So the last gap in data security when it's being used or processed is where we focus completely. So if you think about it, the way people most often meaningfully use or process data is by running a search or an analytic over it. So we're concerned with the security posture of that search of that analytic as it's being performed. So what does that mean? It means that we can take a search or an analytic that folks want to perform over data and we can encrypt that. And then we can run that encrypted search or analytic, which could contain all kinds of sensitive indicators around things like PII, PHI, EU resident identifiers under GPR, IP, competitive advantage types of information, and we can take that encrypted search analytic and run it over massive amounts of data without ever decrypting anything.
So we never decrypt that search or analytic itself. And if that underlying data happens to be encrypted, we don't have to decrypt it either. So we're able to really achieve a never decrypt security posture for the processing of data and really close that last gap in data security, which is securing it when it's being used or processed.
[00:03:41] Unknown:
And so when the query or analytical request is sent to the back end for running against the encrypted data. You say that that process gets encrypted, so I'm assuming thinking about it in terms of how the computation occurs is that the process that's executing that search or the analysis against the data at some level has a a clear text view of what that information is, but that it never leaves the server
[00:04:14] Unknown:
or the sort of memory space where it's being accessed. Is that an accurate sort of way to think about that, or am I completely off base on that? So we are far more secure and powerful than that. So our security assumptions of that processing environment, in other words, where the data is that's being used or processed, are com completely 0. So we assume that it's completely untrusted, completely had. There's an attack or someone with malicious intent able to see every single bit of operation in memory and on disk in that environment. So because our security assumptions are 0 of that data space and of that processing environment, we never decrypt anything during processing.

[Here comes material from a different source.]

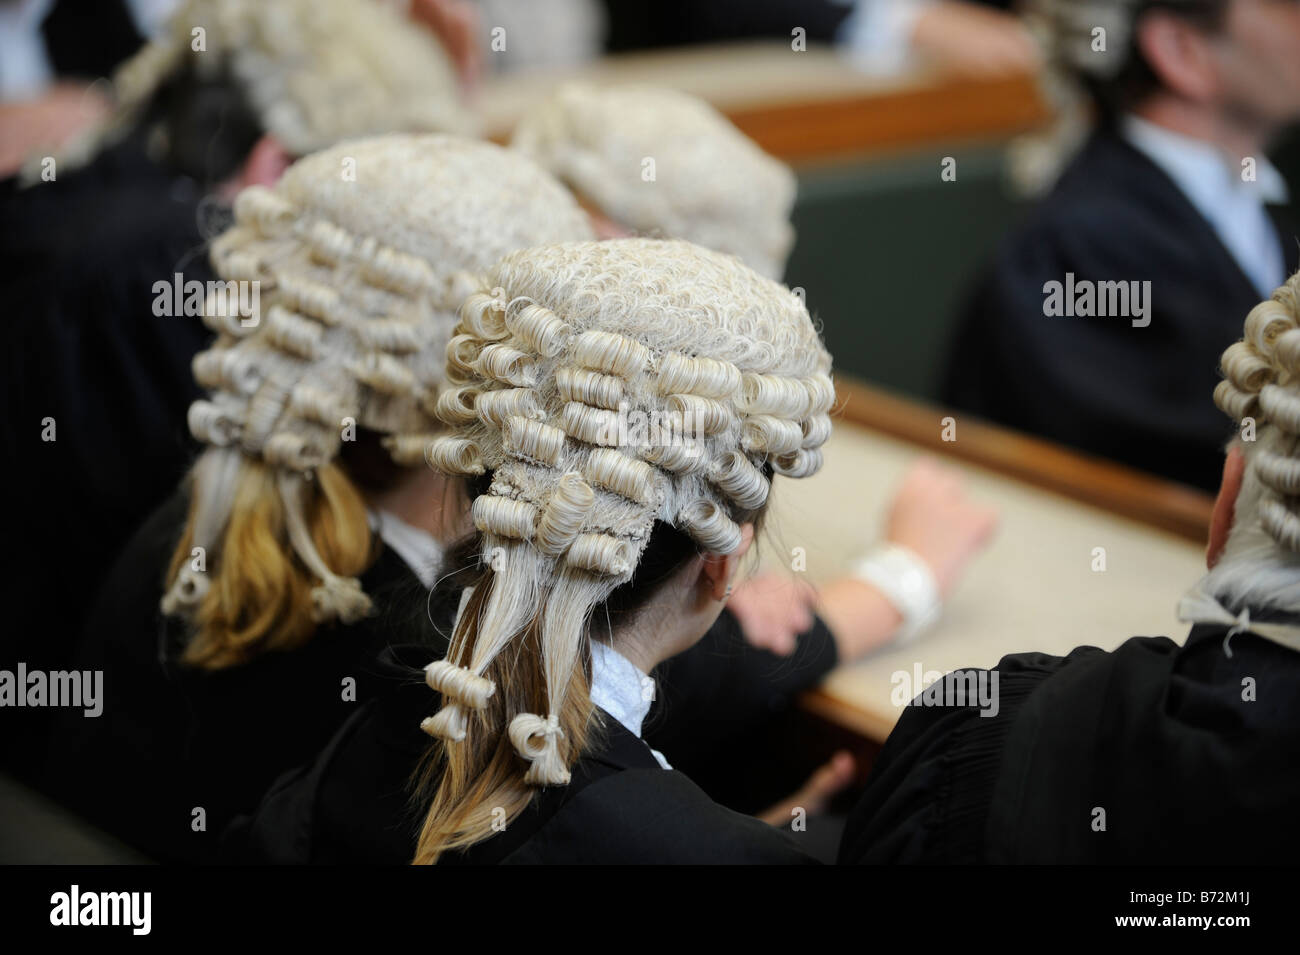 Generisches Gericht Bild: Mitglieder der Bar tragen Friseure Perücken. VEREINIGTES KÖNIGREICH. Stockfoto
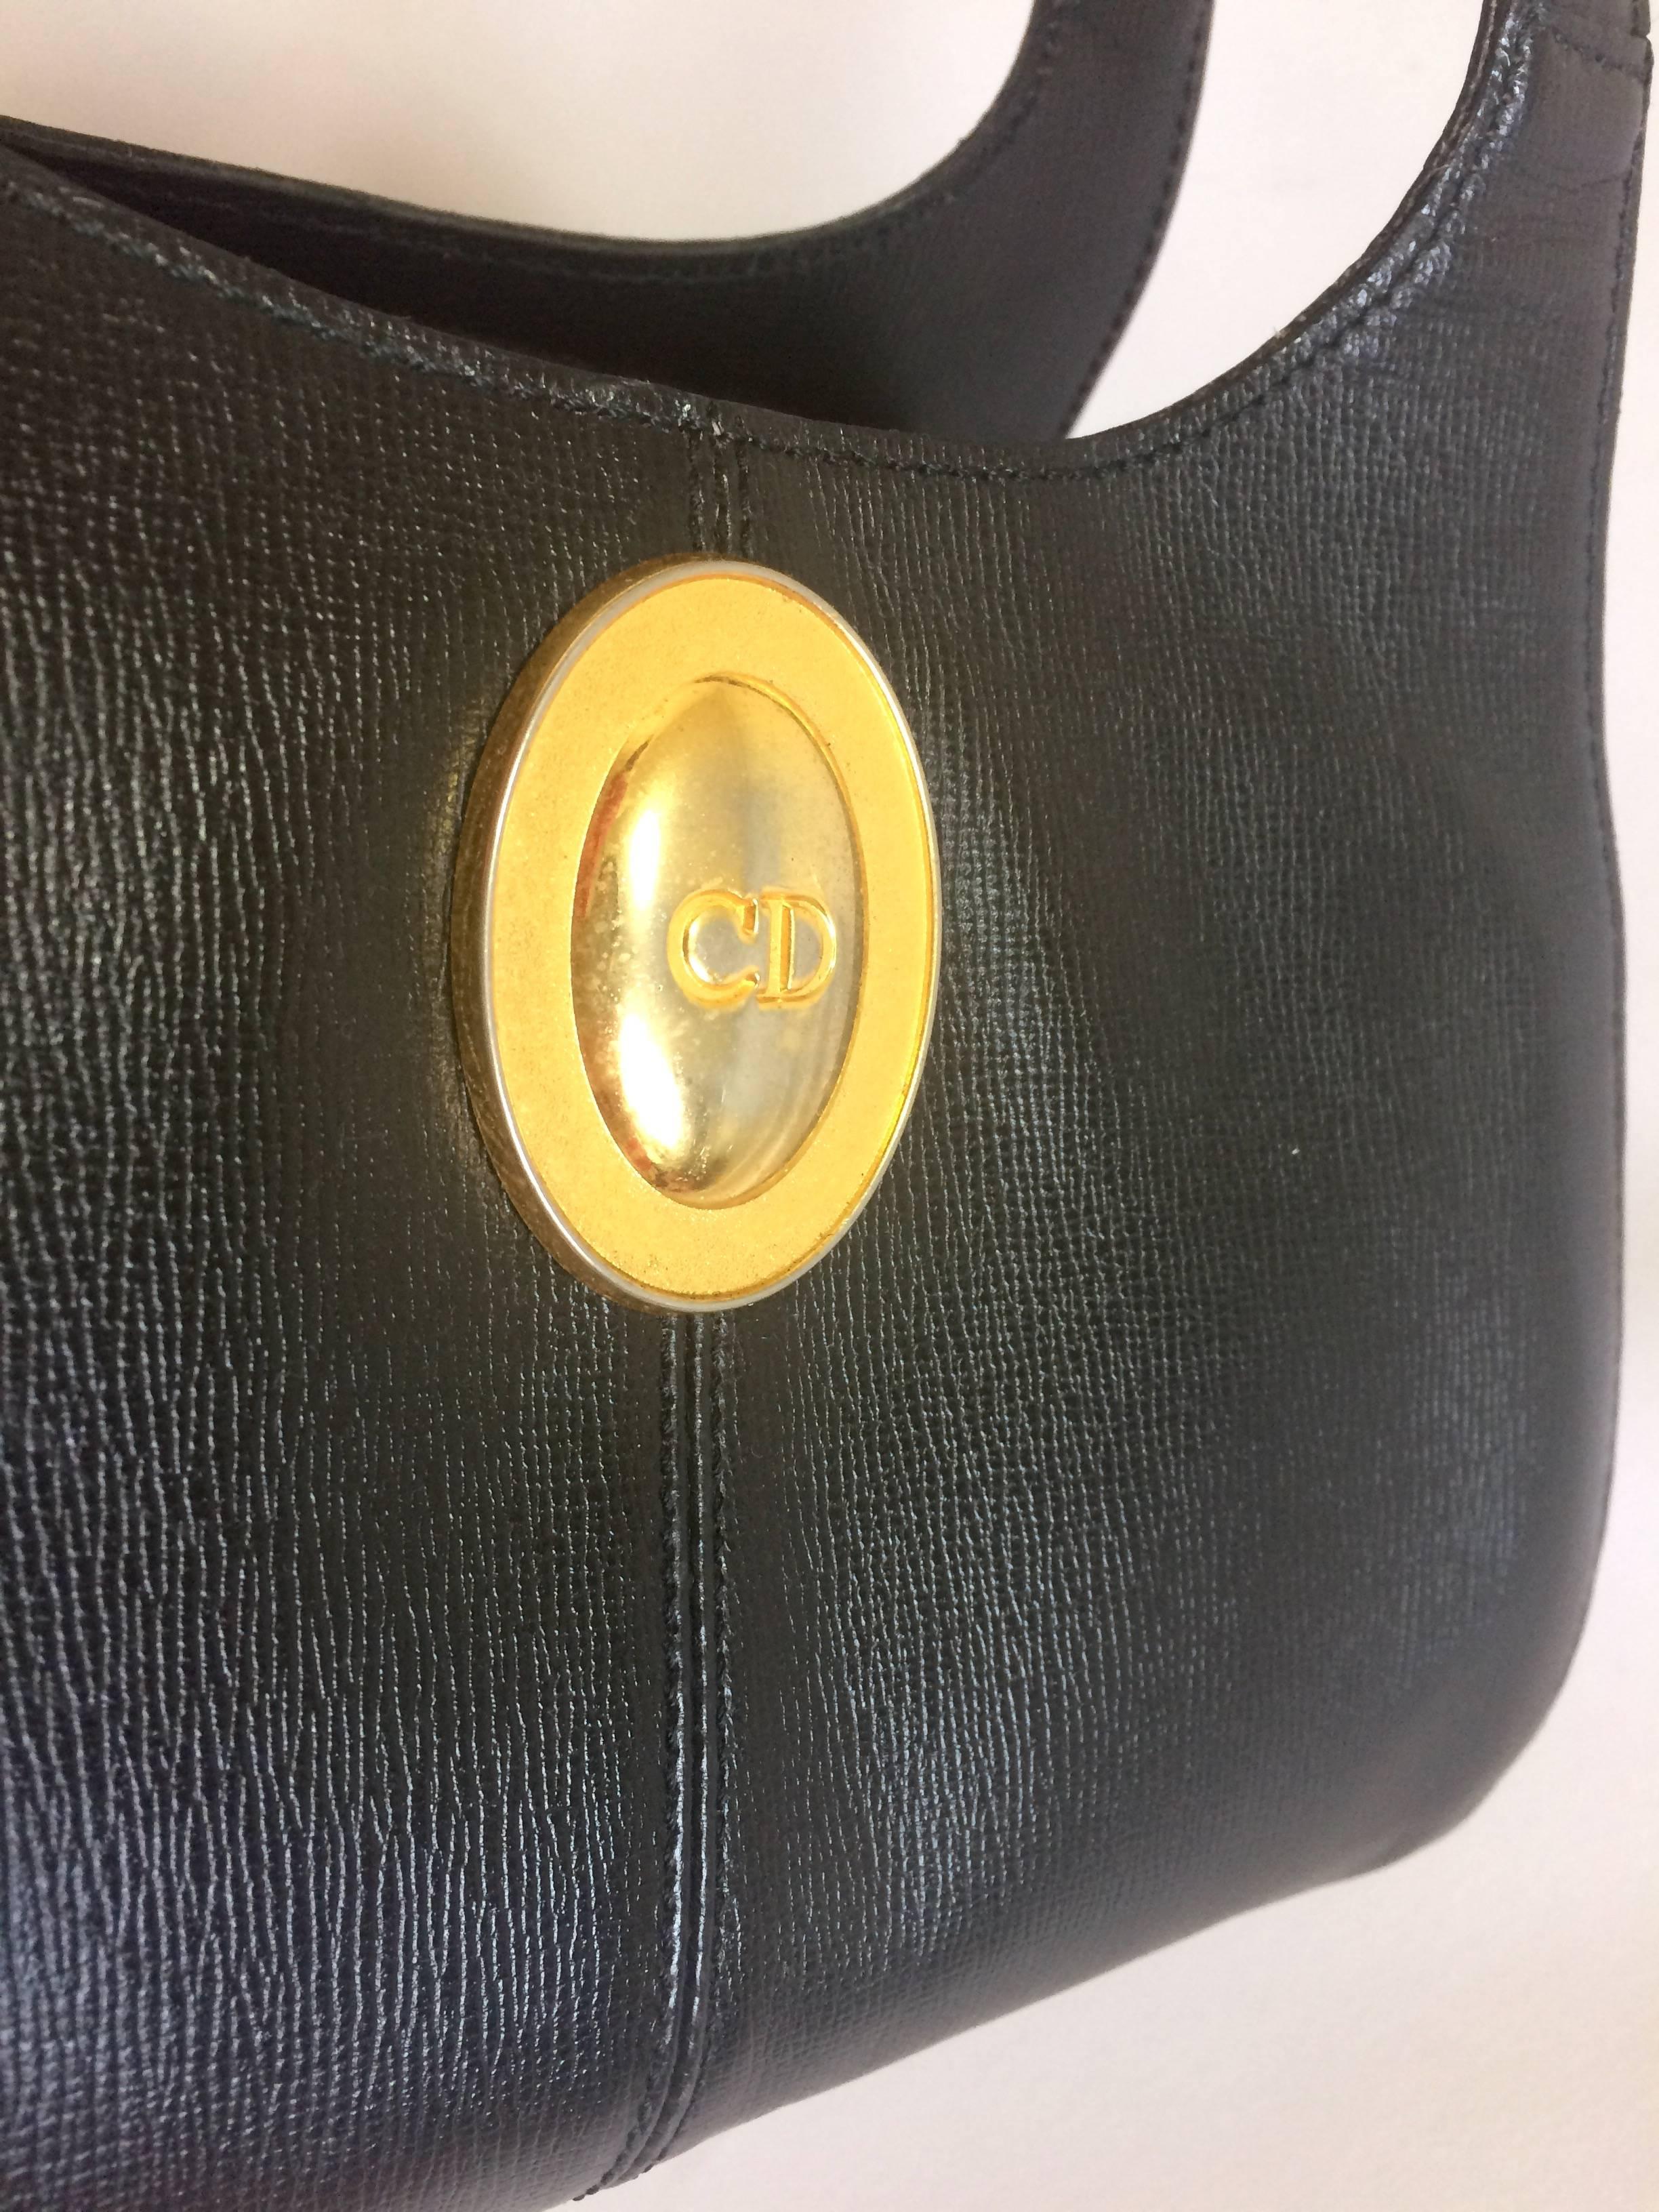 Black Vintage Christian Dior grained black leather handbag with oval golden CD logo.  For Sale

So when we encrypt that search and go run it over data, that data could be unencrypted data. So think in the case of utilizing a third party data services or data in a shared data lake or it could be encrypted data. Either way, we never decrypt anything during the processing. So that math magic, is powered by a special type of encryption that we leverage called homomorphic encryption. Makes all of that impossible,
[00:05:24] Unknown:
really possible. And can you discuss a bit further what the principles are that are involved in homomorphic encryption that allows for being able to process the underlying encrypted information without exposing the actual individual records to any any of the processes involved along the way. So homomorphic encryption
[00:05:46] Unknown:
is not a new area of encryption. It's been around 30 or so years. If people have heard of it, they've often heard a couple of things about it. So the first is that it's often considered to be the holy grail of crypto because it allows you to perform operations on encrypted data or more importantly from a technical perspective in ciphertext space as if it's unencrypted or plain text. That's that holy grail aspect of it. The second thing that people have heard, about this type of encryption, if they've heard anything, is that over its lifespan for the last 30 or so years, it's been very computationally intensive. In other words, slow. So possible just not practical. That's the crux of the major breakthrough that we had in this arena, moving that kind of technology from the realm of the computationally intensive and an extremely slow into the practical and commercially viable.
[00:06:39] Unknown:
And for people who want to learn more about some of the principles involved in homomorphic encryption, I'll ask you to add some links to the show notes that they can follow-up with. And in terms of being able to scale the capabilities of running workloads against, this encrypted data using homomorphic encryption. I'm wondering what some of the challenges therein happen to be in your experience.
[00:07:05] Unknown:
So our applications of homomorphic encryption are extremely scalable. That's where our breakthrough, came in. You know, we had developed the core of our technology within the US government, the US intelligence community, and then we're able to bring that out, greatly expand and mature it and commercialize it into the products that Envail provides today. So in terms of scalability, we are extremely flexible. So we are able to process, data in a in a completely encrypted capacity over very small form factors. We're able to do so in highly distributed environment such as Hadoop architectures.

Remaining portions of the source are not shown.